The Surrogate retired before giving this judgment: ” As Surrogate to the Earl Marshal, I declare that the Court has jurisdiction in this matter. I give judgment for the agreed amount of costs (£300). The reasons for the judgment will be put into writing. I shall deliver them at an early date, and, by the permission of the Earl Marshal, I shall do so in his absence”.

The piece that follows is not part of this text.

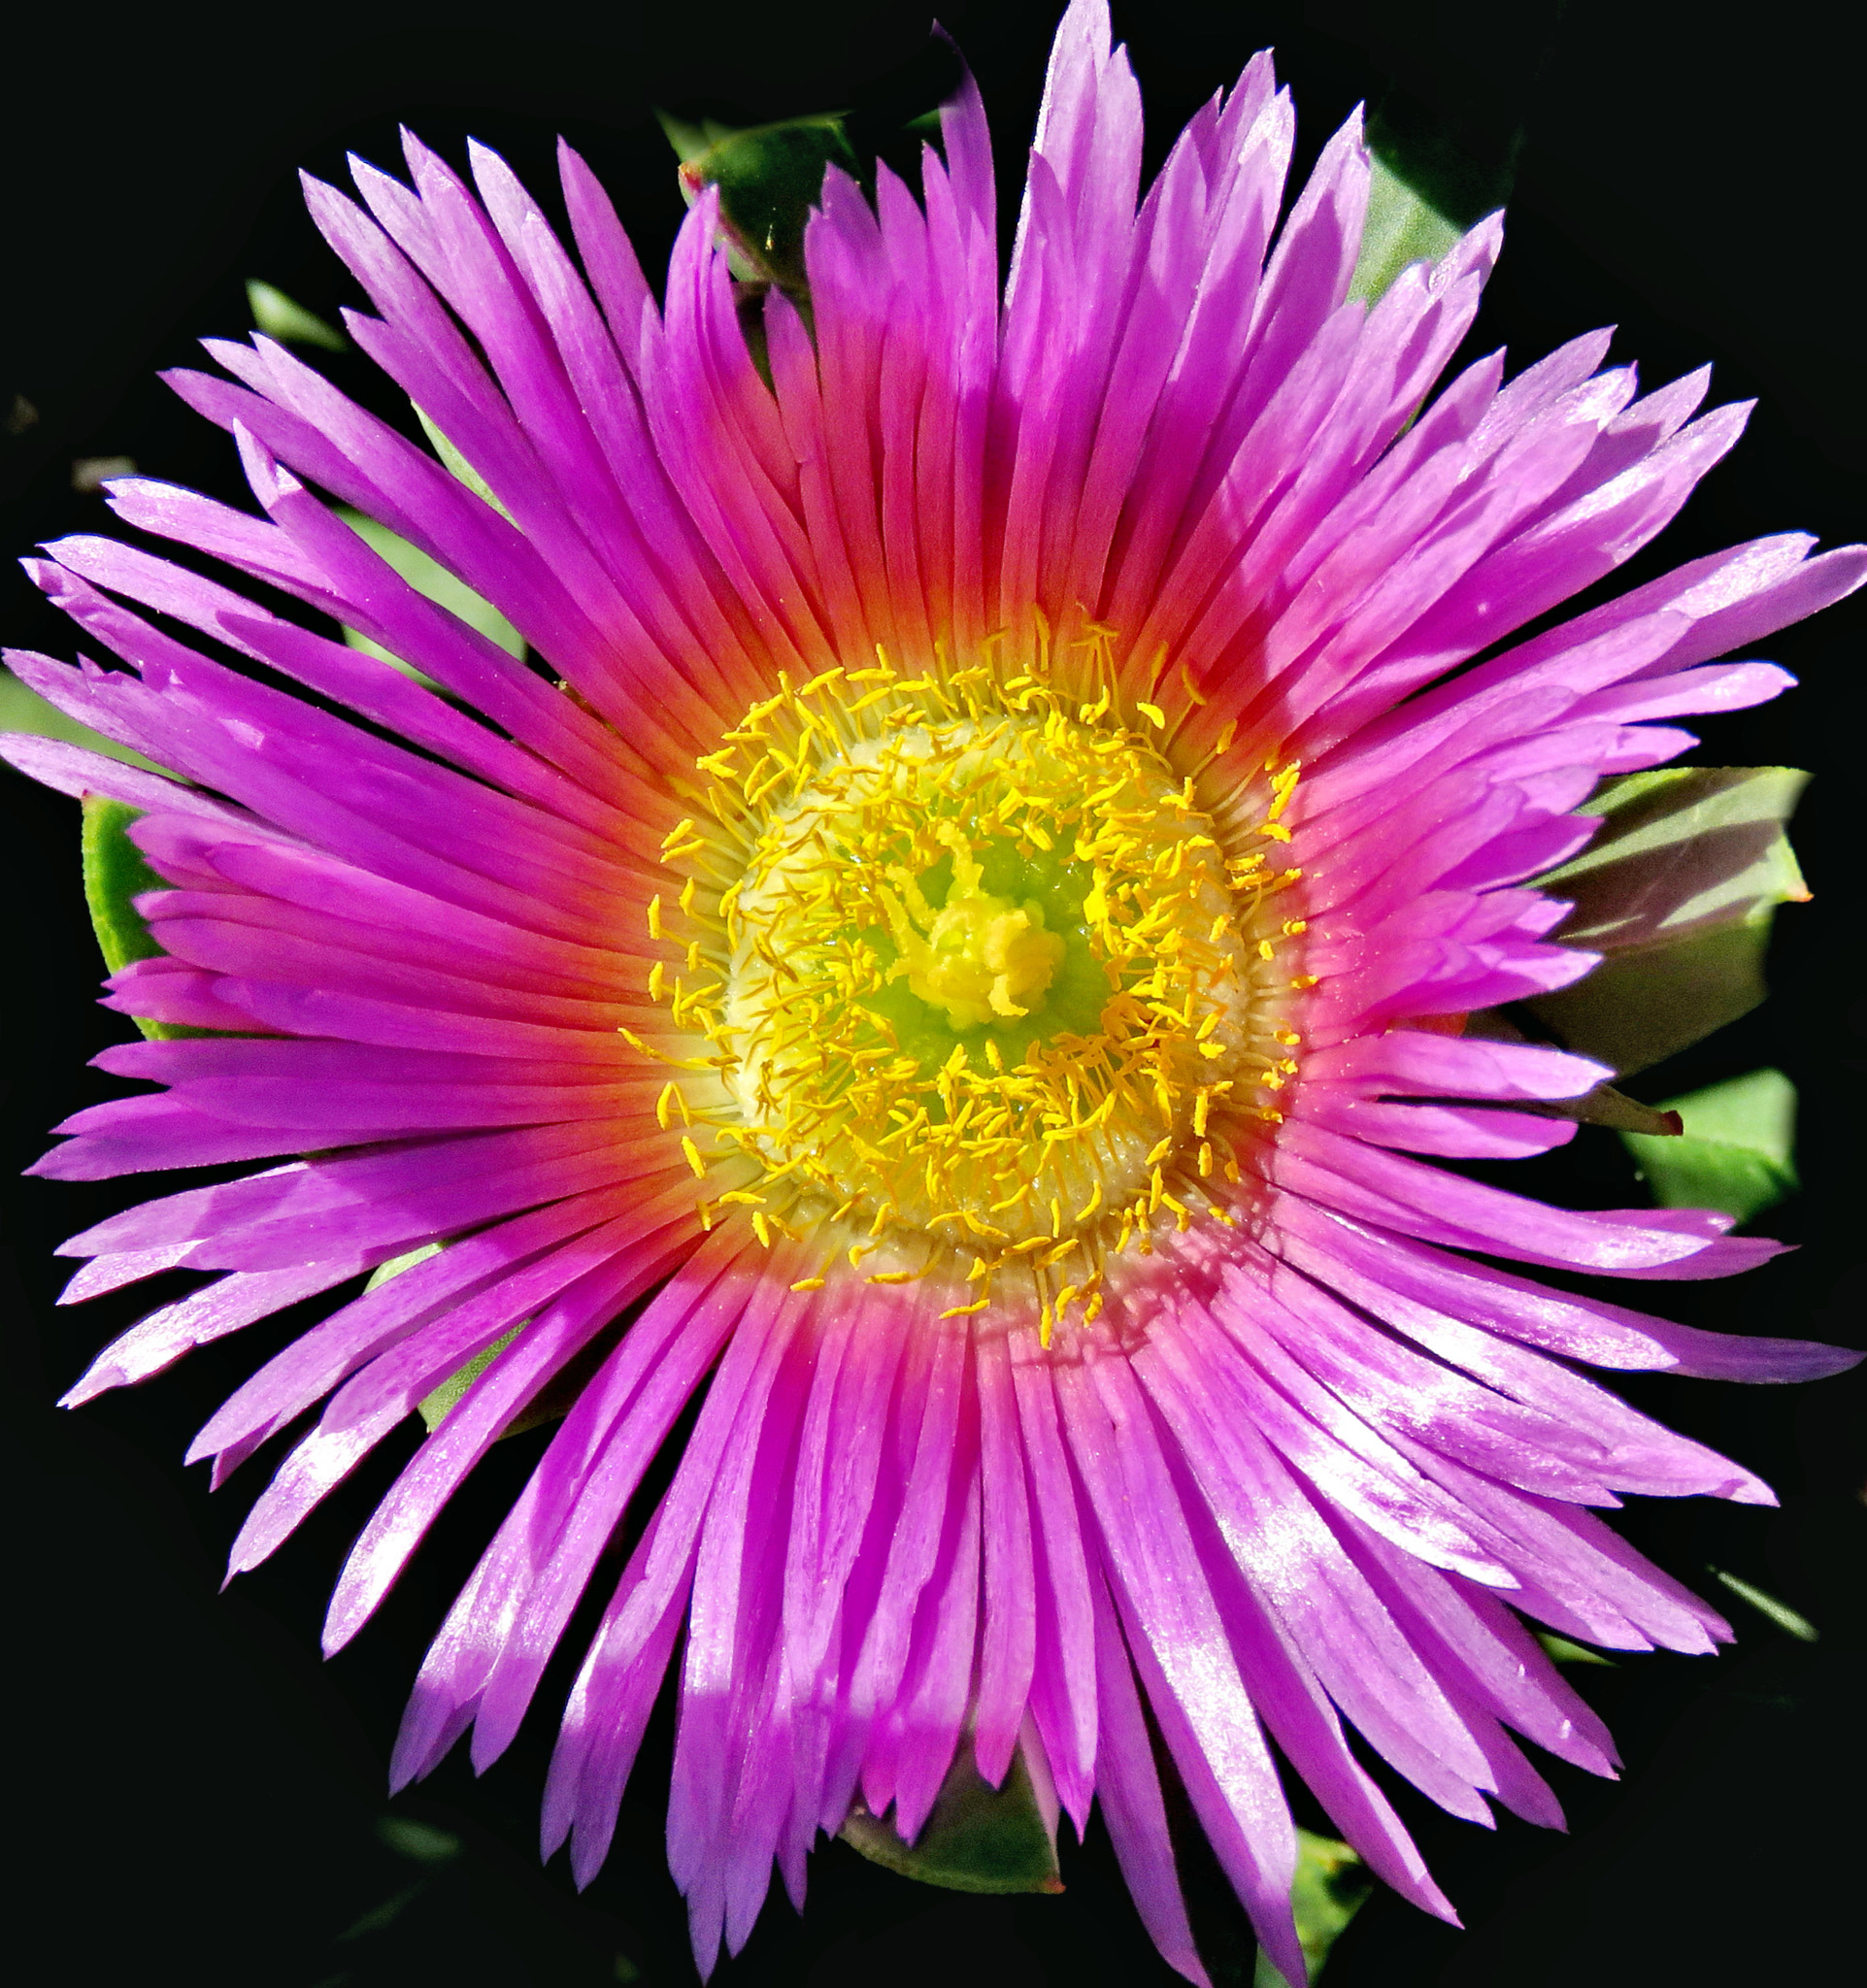 Canon PowerShot SX60 HS + 3.8 - 247.0 mm sample photo. A purple dandelion flower photography
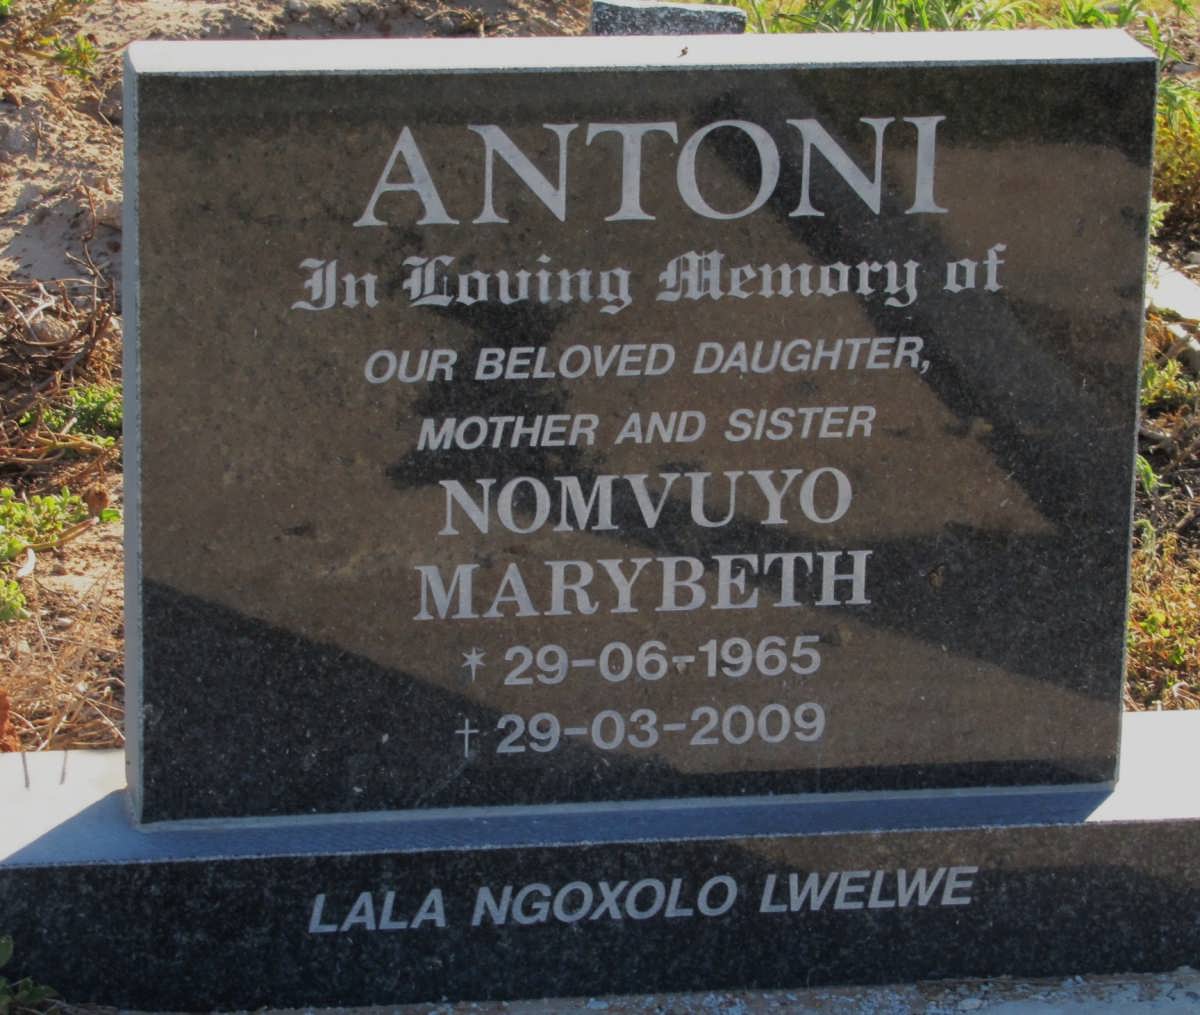 ANTONI Nomvuyo Marybeth 1965-2009

Most students of heraldry had no doubts in their minds that the Court of Chivalry was still extant and that if a case of misuse of armorial bearings were alleged, the Court was competent to hear it. There was, however, grave doubt as to whether the Court’s powers were now sufficient to enforce any sentence it might pronounce, and perhaps the most important consequence of this case is to remind the ignorant that there is an enforceable law of arms. The bearing of arms in England will no doubt remain controlled by custom, good manners and a sense of the fitness of things; yet it is good that those who have forgotten their manners, should be reminded that the law takes as much notice of bad heraldic manners as it does of more violent forms of discourtesy. The prevalent and regrettable philosophy that so long as something is not illegal, it cannot be unethical, has been even more confined. The arm of the law stretches far. In an unchivalrous age, a legal decision may well be an useful weapon in the hands of those who would protect their own arms, as also the ancient usages of heraldry.
Although Lord Goddard has now delivered his reasoned judgment it was, unfortunately, too late to be included in this article.